Красные черепичные крыши города сменились гофрированными железными, булыжные мостовые — асфальтом, средневековые улочки — американскими авеню, автомобиль и трамвай вытеснили конные экипажи, театр умирал; а полную уверенности в будущем Кончиту Хиль, ту, что когда-то во время карнавала стояла на террасе среди цветочных горшков и клеток с птицами, сменила Кончинг Борромео — изможденная женщина с четырьмя сыновьями и умирающим мужем на руках. Ночами, в чутком полусне, готовая в любой момент проснуться от кашля больного, она грезила о том далеком вечере на террасе, когда она была молода, энергична и полна уверенности в себе, а он собирался разрабатывать золотые рудники, заниматься политикой, писать поэмы и издавать журналы. Но затея с рудниками провалилась, две попытки выставить свою кандидатуру на выборах окончились неудачей, а третья книга стихов, которую он опубликовал в конце двадцатых годов, осталась на полках магазинов, и именно этот факт послужил для его всполошившихся сверстников первым сигналом о том, что у них нет больше читательской аудитории и впереди тупик.

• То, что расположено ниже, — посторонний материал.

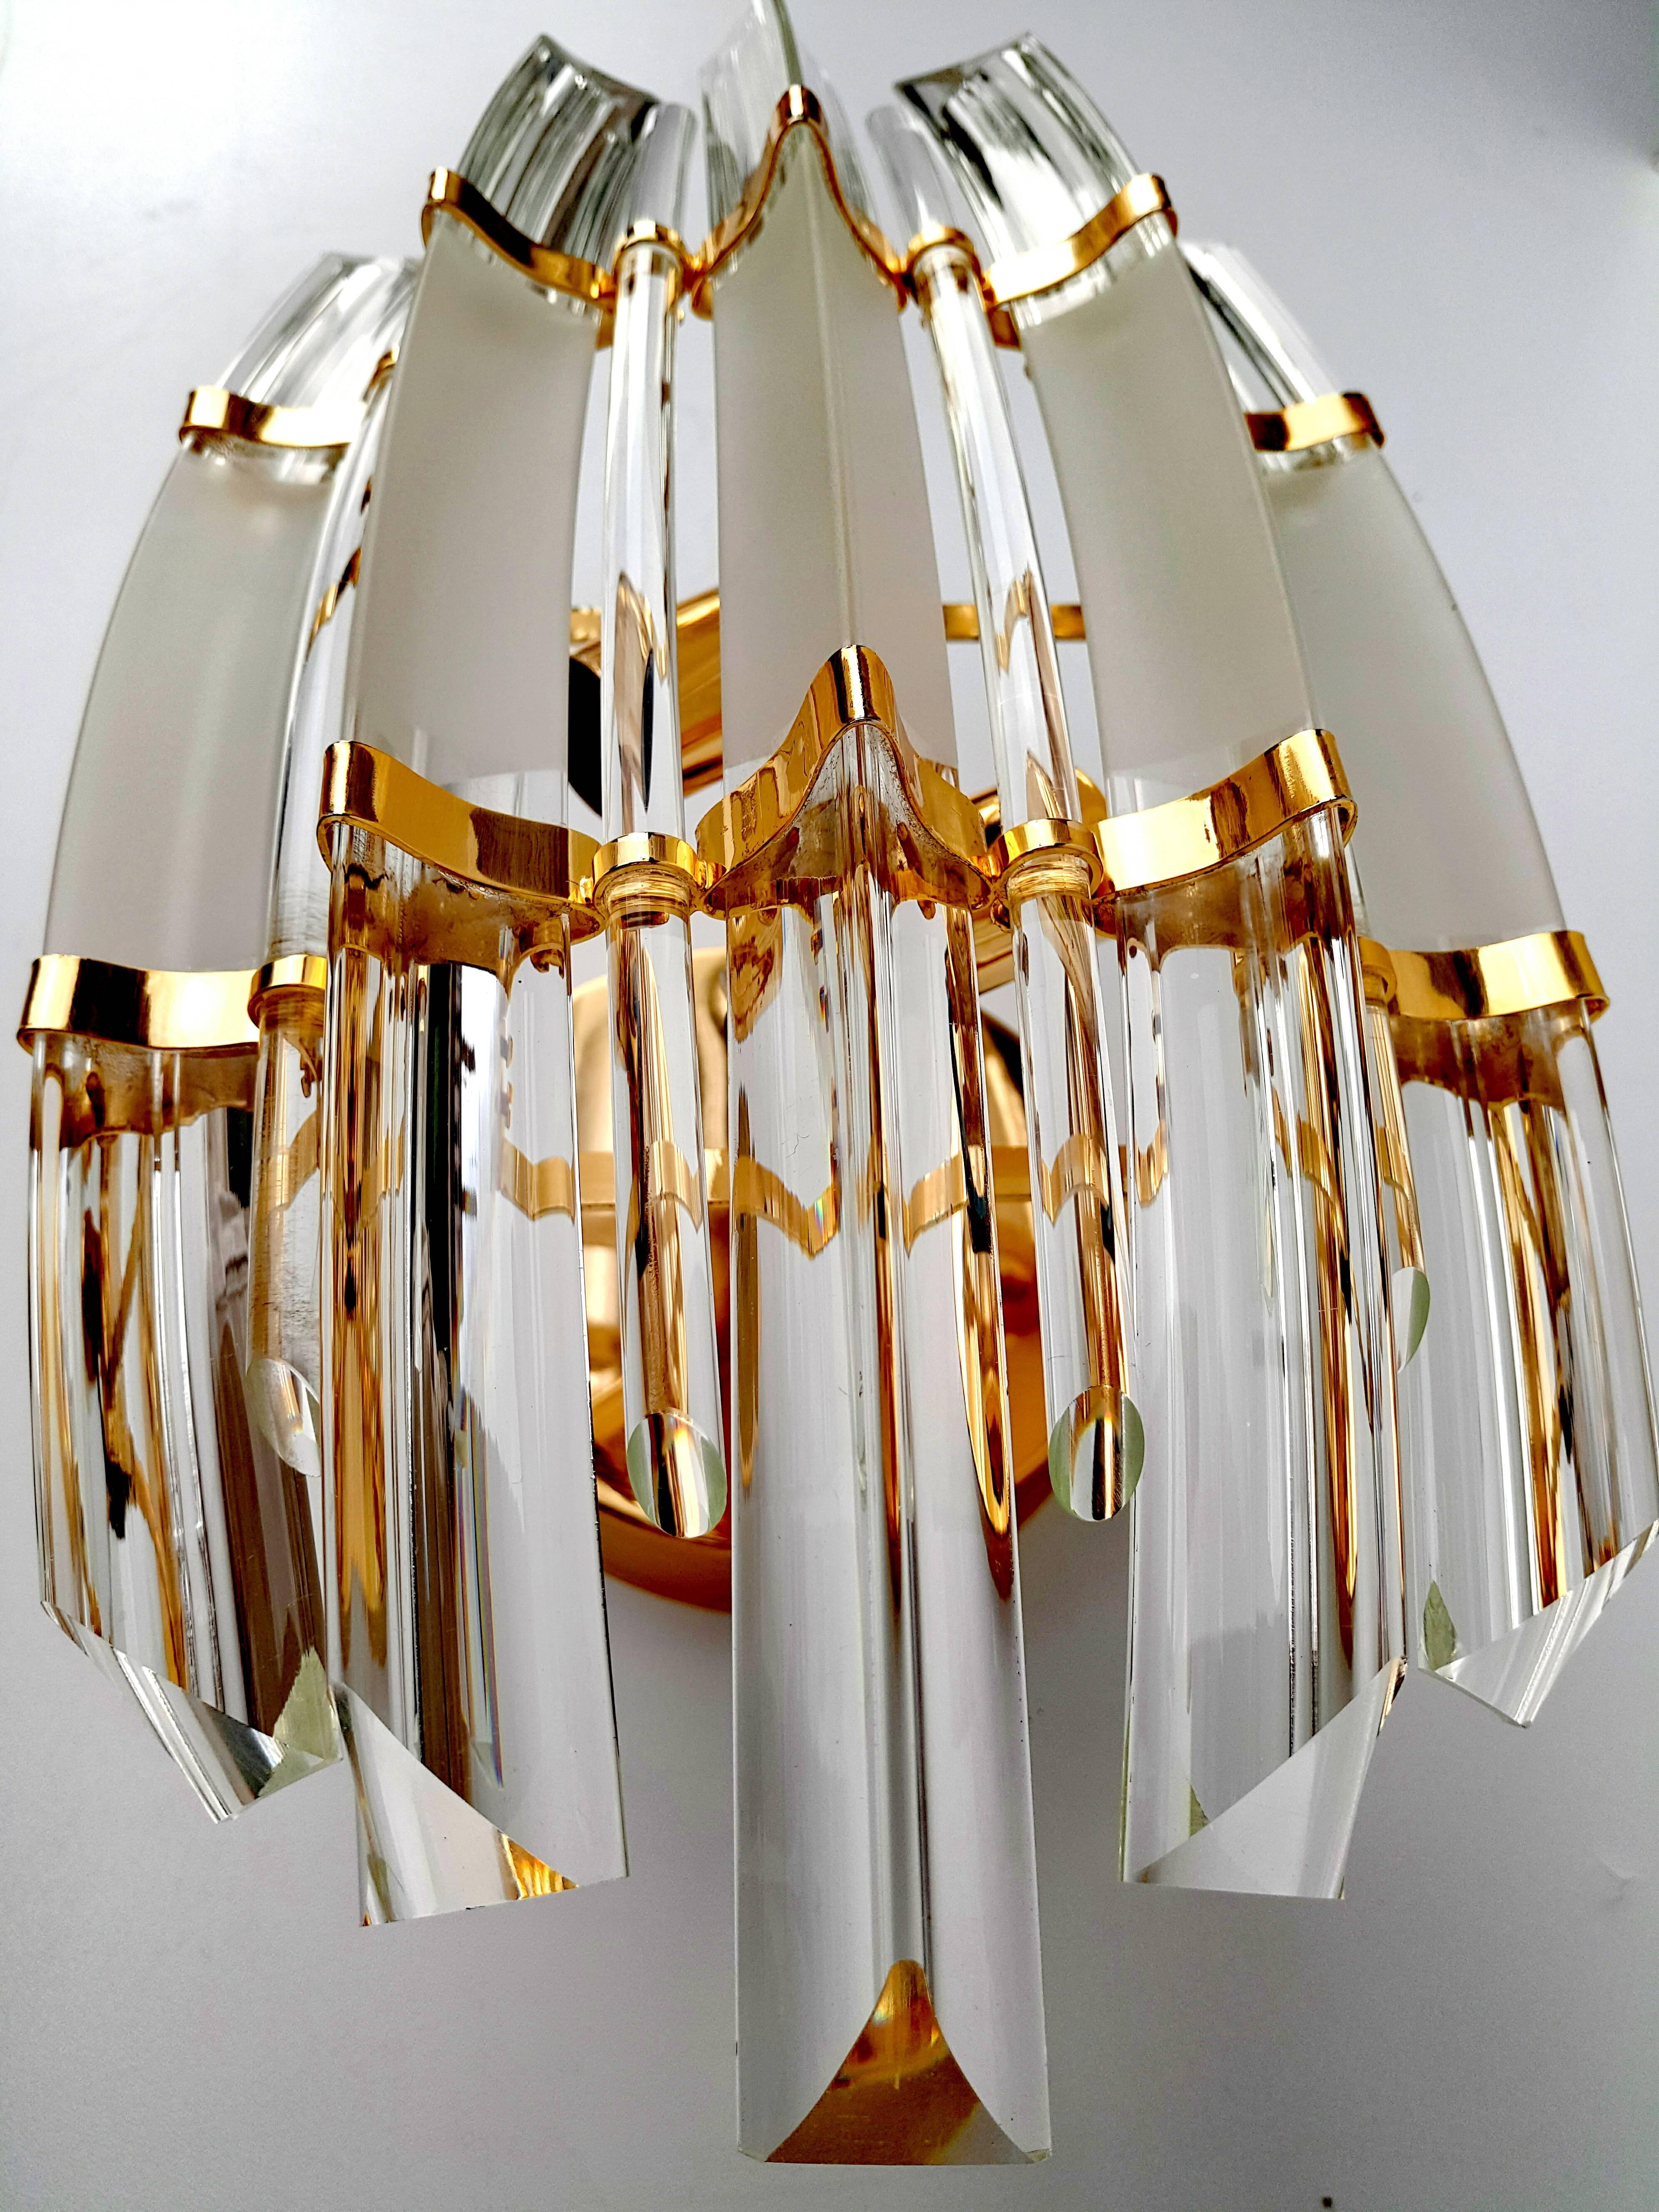 Hervorragende und massive Venini Muranoglas-Leuchten oder -Hängeleuchten, Italien, 1960er Jahre.
Sehr große Wandleuchte aus Muranoglas (21,65 cm) mit fünf langen Prismenstäben aus kristallklarem Glas, die jeweils in eine Messingstruktur eingebettet

Он начал было издавать журнал, но скоро в соответствии с велением времени журнал перешел с испанского языка на английский, а он из редактора превратился в составителя заголовков для материалов на испанском языке, которым журнал еще отводил пару страниц. Поколение, воспитанное на Шалтай-Болтае и на Красной Шапочке, уже освоило Лонгфелло и теперь открывало для себя Шервуда Андерсона. В этих великих изменениях не было места для Эстебанов Барромео: они попали в список погибших во время войны с Дьюи.
Не ведая, что его списали со счетов истории, он пытался найти в ней свое место, хотя думал, что попросту ищет золотую жилу. Он не терял уверенности в себе, отказывался признать себя больным, упорно занимался пустяковой работой в журнале, но — по-прежнему вдохновенно прорицая великое будущее — сбрил усы и приобрел манеры бизнесмена нового толка. Собрав оставшиеся небольшие средства, он вложил их целиком в еще одно предприятие по добыче золота, и это снова кончилось крахом. Борромео вынуждены были продать свой дом и снять дешевую квартиру. Для Кончинг Борромео, которая всегда жила в собственном доме, жизнь под чужим кровом была бесчестьем, ежемесячные встречи с хозяйкой дома — унижением, особенно с тех пор, как хозяйку приходилось все чаще приветствовать словами: «Не могли бы вы подождать до следующей недели?» А потом журнал, в котором работал Эстебан, объявил, что и вовсе прекращает публикацию на испанском языке. Эстебан написал жившему за границей брату и попросил его приютить детей, а когда пароход увез с Филиппин его четверых сыновей, умирающий бунтарь слег в постель и больше уже не вставал. Жена перевезла его в дом своего отца, куда он отказывался перебраться, пока еще был на ногах, и где годом позже, в бреду, вообразил, что снова молод, и — как в тот апрельский вечер, когда он выскочил на сцену из суфлерской будки и попытался произнести пламенную речь, размахивая галстуком, — умер, размахивая полотенцем, как знаменем.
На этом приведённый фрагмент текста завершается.